EXERCISE REQUIREMENTS. Restate word for word the entries below, starting with the line with "Imagen secundaria de" and continuing through the line with "Port w Limassol". Include both of those lines and no others.

/---

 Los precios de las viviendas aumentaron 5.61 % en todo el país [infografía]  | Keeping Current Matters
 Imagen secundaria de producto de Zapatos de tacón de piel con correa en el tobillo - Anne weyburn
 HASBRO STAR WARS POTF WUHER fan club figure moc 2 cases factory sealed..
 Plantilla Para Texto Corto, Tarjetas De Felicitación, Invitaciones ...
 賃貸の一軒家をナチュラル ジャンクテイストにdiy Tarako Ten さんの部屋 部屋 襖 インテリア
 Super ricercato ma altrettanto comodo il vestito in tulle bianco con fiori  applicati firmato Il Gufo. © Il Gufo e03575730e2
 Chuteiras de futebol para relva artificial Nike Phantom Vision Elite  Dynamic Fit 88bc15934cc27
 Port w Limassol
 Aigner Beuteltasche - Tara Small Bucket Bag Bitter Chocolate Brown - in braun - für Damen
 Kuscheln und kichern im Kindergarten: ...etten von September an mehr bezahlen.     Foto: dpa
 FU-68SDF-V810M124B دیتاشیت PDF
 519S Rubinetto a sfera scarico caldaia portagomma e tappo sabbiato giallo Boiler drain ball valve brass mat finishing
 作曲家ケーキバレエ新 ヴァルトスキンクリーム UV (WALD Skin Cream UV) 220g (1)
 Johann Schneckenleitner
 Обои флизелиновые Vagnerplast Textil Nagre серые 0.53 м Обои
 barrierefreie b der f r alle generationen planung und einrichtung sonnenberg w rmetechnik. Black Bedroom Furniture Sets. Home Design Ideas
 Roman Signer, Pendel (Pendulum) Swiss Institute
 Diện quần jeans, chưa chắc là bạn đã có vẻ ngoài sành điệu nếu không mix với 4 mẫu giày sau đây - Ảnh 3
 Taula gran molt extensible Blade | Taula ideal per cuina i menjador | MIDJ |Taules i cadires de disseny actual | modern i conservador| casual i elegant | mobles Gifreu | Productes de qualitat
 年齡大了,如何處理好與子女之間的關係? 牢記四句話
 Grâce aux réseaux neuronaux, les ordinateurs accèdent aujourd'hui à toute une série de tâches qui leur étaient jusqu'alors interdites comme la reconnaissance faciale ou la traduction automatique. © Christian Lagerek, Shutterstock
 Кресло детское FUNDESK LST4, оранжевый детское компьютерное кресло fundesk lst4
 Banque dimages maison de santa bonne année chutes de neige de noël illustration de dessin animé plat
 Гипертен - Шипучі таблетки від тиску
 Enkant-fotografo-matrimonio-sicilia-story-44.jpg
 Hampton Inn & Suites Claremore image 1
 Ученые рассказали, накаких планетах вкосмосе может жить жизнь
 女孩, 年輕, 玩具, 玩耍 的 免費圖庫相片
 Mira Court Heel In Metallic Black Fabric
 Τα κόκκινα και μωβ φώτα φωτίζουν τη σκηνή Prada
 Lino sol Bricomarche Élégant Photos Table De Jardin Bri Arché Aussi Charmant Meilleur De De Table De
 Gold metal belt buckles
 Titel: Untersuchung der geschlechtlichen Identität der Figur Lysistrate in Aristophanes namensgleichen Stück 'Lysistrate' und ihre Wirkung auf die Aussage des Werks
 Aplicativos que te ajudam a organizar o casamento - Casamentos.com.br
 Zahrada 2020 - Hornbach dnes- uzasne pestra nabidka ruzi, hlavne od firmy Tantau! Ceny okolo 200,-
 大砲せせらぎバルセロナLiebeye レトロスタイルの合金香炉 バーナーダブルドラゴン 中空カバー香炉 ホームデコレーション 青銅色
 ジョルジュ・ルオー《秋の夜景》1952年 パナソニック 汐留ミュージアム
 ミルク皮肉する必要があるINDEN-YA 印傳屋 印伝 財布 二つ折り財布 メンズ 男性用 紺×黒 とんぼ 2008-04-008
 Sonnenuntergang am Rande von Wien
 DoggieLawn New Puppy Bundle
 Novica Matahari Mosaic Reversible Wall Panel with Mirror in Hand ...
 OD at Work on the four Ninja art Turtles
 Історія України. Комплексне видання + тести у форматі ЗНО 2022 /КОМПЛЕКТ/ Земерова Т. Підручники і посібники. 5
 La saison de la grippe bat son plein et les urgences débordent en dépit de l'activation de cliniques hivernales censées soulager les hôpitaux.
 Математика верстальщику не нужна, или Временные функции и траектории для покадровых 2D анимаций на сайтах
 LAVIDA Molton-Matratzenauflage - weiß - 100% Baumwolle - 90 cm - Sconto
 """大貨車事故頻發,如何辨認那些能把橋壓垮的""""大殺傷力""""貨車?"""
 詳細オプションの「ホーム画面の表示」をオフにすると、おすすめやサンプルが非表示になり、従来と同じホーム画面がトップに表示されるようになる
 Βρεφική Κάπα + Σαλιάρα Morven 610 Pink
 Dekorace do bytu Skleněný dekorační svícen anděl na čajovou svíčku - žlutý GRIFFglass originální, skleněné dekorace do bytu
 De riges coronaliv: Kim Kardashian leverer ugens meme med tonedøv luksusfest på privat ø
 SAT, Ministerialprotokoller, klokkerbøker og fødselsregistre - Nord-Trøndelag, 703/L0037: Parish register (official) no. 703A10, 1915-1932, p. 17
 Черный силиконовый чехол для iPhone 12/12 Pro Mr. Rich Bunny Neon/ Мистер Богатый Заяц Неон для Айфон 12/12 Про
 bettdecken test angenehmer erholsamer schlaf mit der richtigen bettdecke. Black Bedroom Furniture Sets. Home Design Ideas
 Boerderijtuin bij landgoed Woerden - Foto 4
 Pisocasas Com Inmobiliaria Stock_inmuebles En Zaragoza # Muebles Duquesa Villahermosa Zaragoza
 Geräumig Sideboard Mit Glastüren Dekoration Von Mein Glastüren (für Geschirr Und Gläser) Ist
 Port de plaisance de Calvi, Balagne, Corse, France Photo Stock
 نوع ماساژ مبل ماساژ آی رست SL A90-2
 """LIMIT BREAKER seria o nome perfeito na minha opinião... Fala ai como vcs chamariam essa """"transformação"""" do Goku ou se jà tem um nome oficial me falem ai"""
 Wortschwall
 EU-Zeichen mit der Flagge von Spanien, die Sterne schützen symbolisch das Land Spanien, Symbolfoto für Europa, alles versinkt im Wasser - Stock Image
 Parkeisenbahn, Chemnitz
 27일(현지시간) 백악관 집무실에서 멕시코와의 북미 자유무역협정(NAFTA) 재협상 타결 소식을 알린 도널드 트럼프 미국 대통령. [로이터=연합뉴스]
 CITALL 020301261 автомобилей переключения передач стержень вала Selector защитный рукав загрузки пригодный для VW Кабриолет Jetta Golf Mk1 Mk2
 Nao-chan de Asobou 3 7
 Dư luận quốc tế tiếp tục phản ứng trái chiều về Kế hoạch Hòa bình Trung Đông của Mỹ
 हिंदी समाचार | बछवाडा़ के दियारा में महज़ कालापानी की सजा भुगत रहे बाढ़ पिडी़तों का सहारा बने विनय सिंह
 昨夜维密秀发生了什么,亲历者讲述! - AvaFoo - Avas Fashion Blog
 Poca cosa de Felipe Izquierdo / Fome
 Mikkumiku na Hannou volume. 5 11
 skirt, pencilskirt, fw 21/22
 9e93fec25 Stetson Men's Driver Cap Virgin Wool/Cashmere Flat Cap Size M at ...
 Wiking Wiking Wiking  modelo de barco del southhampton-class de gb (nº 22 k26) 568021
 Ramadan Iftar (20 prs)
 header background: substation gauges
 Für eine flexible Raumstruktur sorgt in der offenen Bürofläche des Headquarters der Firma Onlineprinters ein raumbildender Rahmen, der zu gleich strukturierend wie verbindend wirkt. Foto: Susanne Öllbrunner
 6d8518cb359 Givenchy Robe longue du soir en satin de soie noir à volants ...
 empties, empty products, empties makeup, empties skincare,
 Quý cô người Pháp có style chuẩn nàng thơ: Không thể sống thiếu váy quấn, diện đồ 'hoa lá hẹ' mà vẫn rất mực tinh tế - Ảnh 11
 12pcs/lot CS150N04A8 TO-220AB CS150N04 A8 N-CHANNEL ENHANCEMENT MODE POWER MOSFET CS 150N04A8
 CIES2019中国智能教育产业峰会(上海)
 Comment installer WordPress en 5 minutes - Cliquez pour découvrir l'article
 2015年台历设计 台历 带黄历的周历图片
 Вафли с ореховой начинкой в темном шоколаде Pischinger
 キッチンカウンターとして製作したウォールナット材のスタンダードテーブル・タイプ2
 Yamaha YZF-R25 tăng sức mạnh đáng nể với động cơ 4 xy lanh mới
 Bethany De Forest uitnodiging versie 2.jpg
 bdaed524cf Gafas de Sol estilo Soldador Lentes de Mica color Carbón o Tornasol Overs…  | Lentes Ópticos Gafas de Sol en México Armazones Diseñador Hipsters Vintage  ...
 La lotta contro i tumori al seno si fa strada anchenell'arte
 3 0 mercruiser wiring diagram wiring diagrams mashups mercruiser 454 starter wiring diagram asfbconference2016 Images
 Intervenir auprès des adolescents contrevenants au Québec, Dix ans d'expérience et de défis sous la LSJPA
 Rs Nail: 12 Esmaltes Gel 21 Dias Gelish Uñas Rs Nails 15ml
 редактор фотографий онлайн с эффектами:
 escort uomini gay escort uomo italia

\---

ANSWER FOR THE TASK.
 Imagen secundaria de producto de Zapatos de tacón de piel con correa en el tobillo - Anne weyburn
 HASBRO STAR WARS POTF WUHER fan club figure moc 2 cases factory sealed..
 Plantilla Para Texto Corto, Tarjetas De Felicitación, Invitaciones ...
 賃貸の一軒家をナチュラル ジャンクテイストにdiy Tarako Ten さんの部屋 部屋 襖 インテリア
 Super ricercato ma altrettanto comodo il vestito in tulle bianco con fiori  applicati firmato Il Gufo. © Il Gufo e03575730e2
 Chuteiras de futebol para relva artificial Nike Phantom Vision Elite  Dynamic Fit 88bc15934cc27
 Port w Limassol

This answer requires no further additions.